“We argued about it more than once,” she continued a heartbeat later. “He accused me of choosing the job over him. I told him I wouldn’t trade everything I’d worked for just to make him feel more in control.” Her mouth twitched, not quite a smile. “That comment didn’t go over well.”
Hallie gave a short exhale through her nose. “So when you finally did come back…”
“It might’ve felt like unfinished business for him,” Emma finished for her. “Like the door opened again. A chance to punish me. Or a chance to fix what he thinks I broke.”
Ryker folded his arms, and he kept his gaze fixed on Emma. “Ethan’s been waiting.”
Emma met his eyes. “Or watching.”
Hallie looked between the two of them, then slowly leaned back in her chair. “So either your ex-fiancé faked his death and came back to mess with your head… or someone else is staging it to make you think he did.”
Emma didn’t blink. “And either way, they want me to believe I’m next.”
Ryker could feel it building again, that burn in his gut that always came before things went sideways. The kind of slow-build tension that meant someone was laying groundwork for something bigger. He’d felt it before, on ops that turned into ambushes. That same prickle along the back of his neck was here now.
“I’ll start digging into anyone who might’ve known about Ethan’s disappearance,” he said. “Old cases, known associates, PD personnel in Austin who might have had access to the flyer or his records.”
Hallie nodded. “Do that.” Then, she turned to Emma. “You sure you’re good to stay on this?”
Emma’s jaw ticked. “I’m not going anywhere.”
Ryker didn’t say it out loud, but he wasn’t letting her go anywhere alone either. Not now. Not with someone out there setting the stage for her to fall.
“Maybe it wasn’t just the move back to Outlaw Ridge that triggered him,” Ryker threw out there. “What about your last case in Austin?”
Beside him, Emma’s head turned. “You know about that?”
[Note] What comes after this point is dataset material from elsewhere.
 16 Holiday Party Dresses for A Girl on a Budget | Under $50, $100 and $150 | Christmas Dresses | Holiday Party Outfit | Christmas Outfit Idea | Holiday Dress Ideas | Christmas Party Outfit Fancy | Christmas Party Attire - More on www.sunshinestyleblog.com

He shrugged, a hint of a smile tugging at the corner of his mouth. “What can I say? I like to be informed about my partner. Makes it easier to watch your back if I know what kind of trouble tends to follow you around.”
His tone was easy, almost teasing, but his eyes held something steadier, a quiet promise that he wasn’t going anywhere.
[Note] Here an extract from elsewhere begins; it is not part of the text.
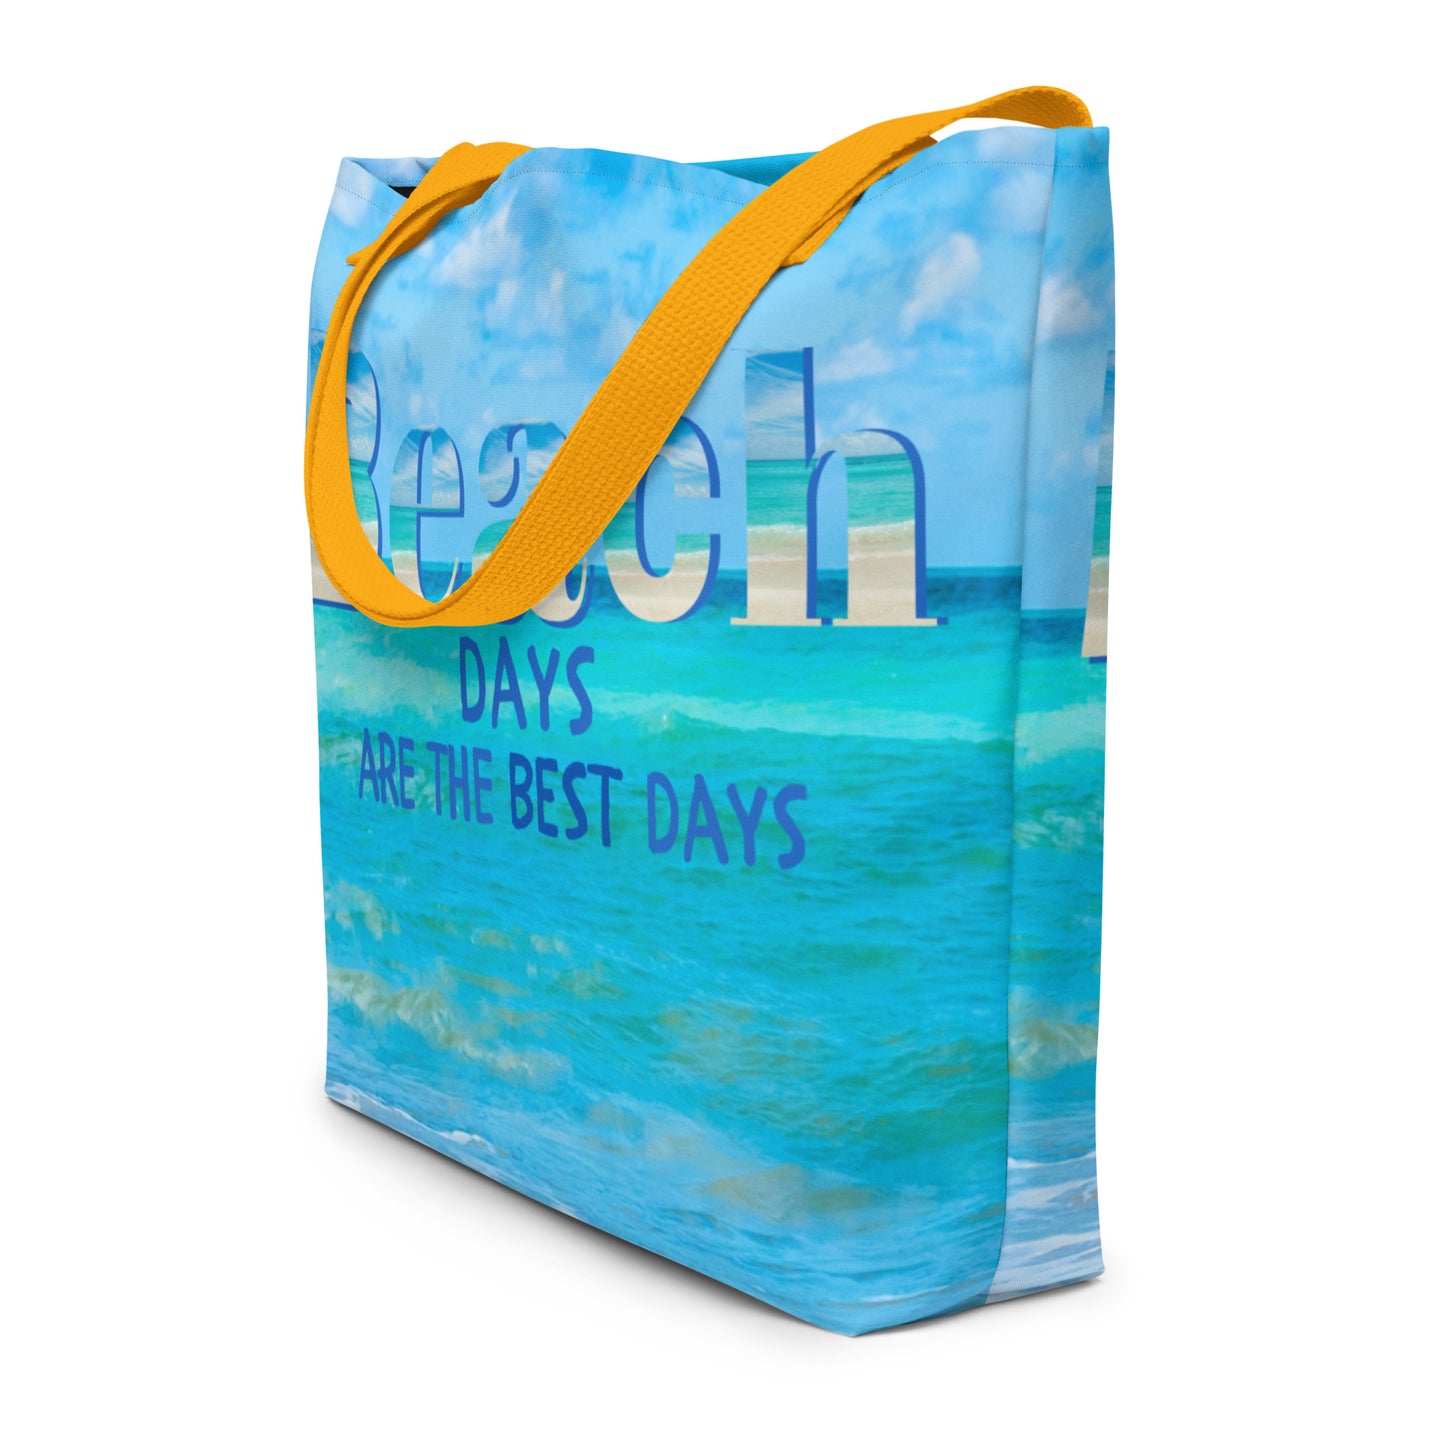 All-Over Print Large Tote Bag with Pocket - Beach Days are the Best Days

Hallie looked between them. “What case are we talking about?”
Emma hesitated, just for a second. Then she exhaled and leaned her hands on the back of one of the chairs in front of the desk. “It was one of Ethan’s old cases. A homicide that he investigated just before he disappeared. A guy named Lionel Ruiz was charged and then convicted of stabbing his girlfriend to death in their apartment.”
She paused, gathered her breath, and then added, “Three months ago, I reopened the investigation. Something about it always felt off, even back when we were together.”
Ryker stayed quiet, but he could hear the tension tightening behind her words.
“I found evidence that had been overlooked or ignored,” Emma went on. “A blood smear behind the dresser that didn’tmatch Ruiz or the victim. It led to a new suspect. We got a confession. The case was overturned.”
Hallie’s eyes narrowed. “I remember now. That made the news.”
Emma gave a humorless smile. “Yeah. It made a lot of headlines. The department tried to bury it, but the media ran with the narrative, how a decorated detective, Ethan Ross, rushed the case, missed the signs, and sent the wrong man to prison. His reputation as a cop was shredded. Even in absentia.”
Ryker nodded slowly. “If he’s alive, and he saw all that… it could’ve pushed him over the edge.”
Emma’s voice dropped. “It wouldn’t be the first time he couldn’t handle the fallout of his own decisions.”
“So now we’ve got motive, maybe. And a warning with that masked mannequin. Next step?” Hallie asked.
Ryker looked at Emma, then back at Hallie. “We figure out if Ethan’s still breathing, and if he is, we find him. If he’s not, we figure out who’s pulling the strings on this sick game.”
Hallie leaned back in her chair, tapping a finger against the edge of the desk as her gaze shifted between them. Then she nodded once, decision made.
“Use the cold case office,” Hallie instructed. “You’ll have access to the digital wall screen. It’ll help to lay everything out. Files, maps, timelines. Start fresh and build it from the ground up.”
Ryker gave a small nod, already running through what they’d need to pull. Ethan’s personnel file, the case Emma overturned, everything tied to his disappearance.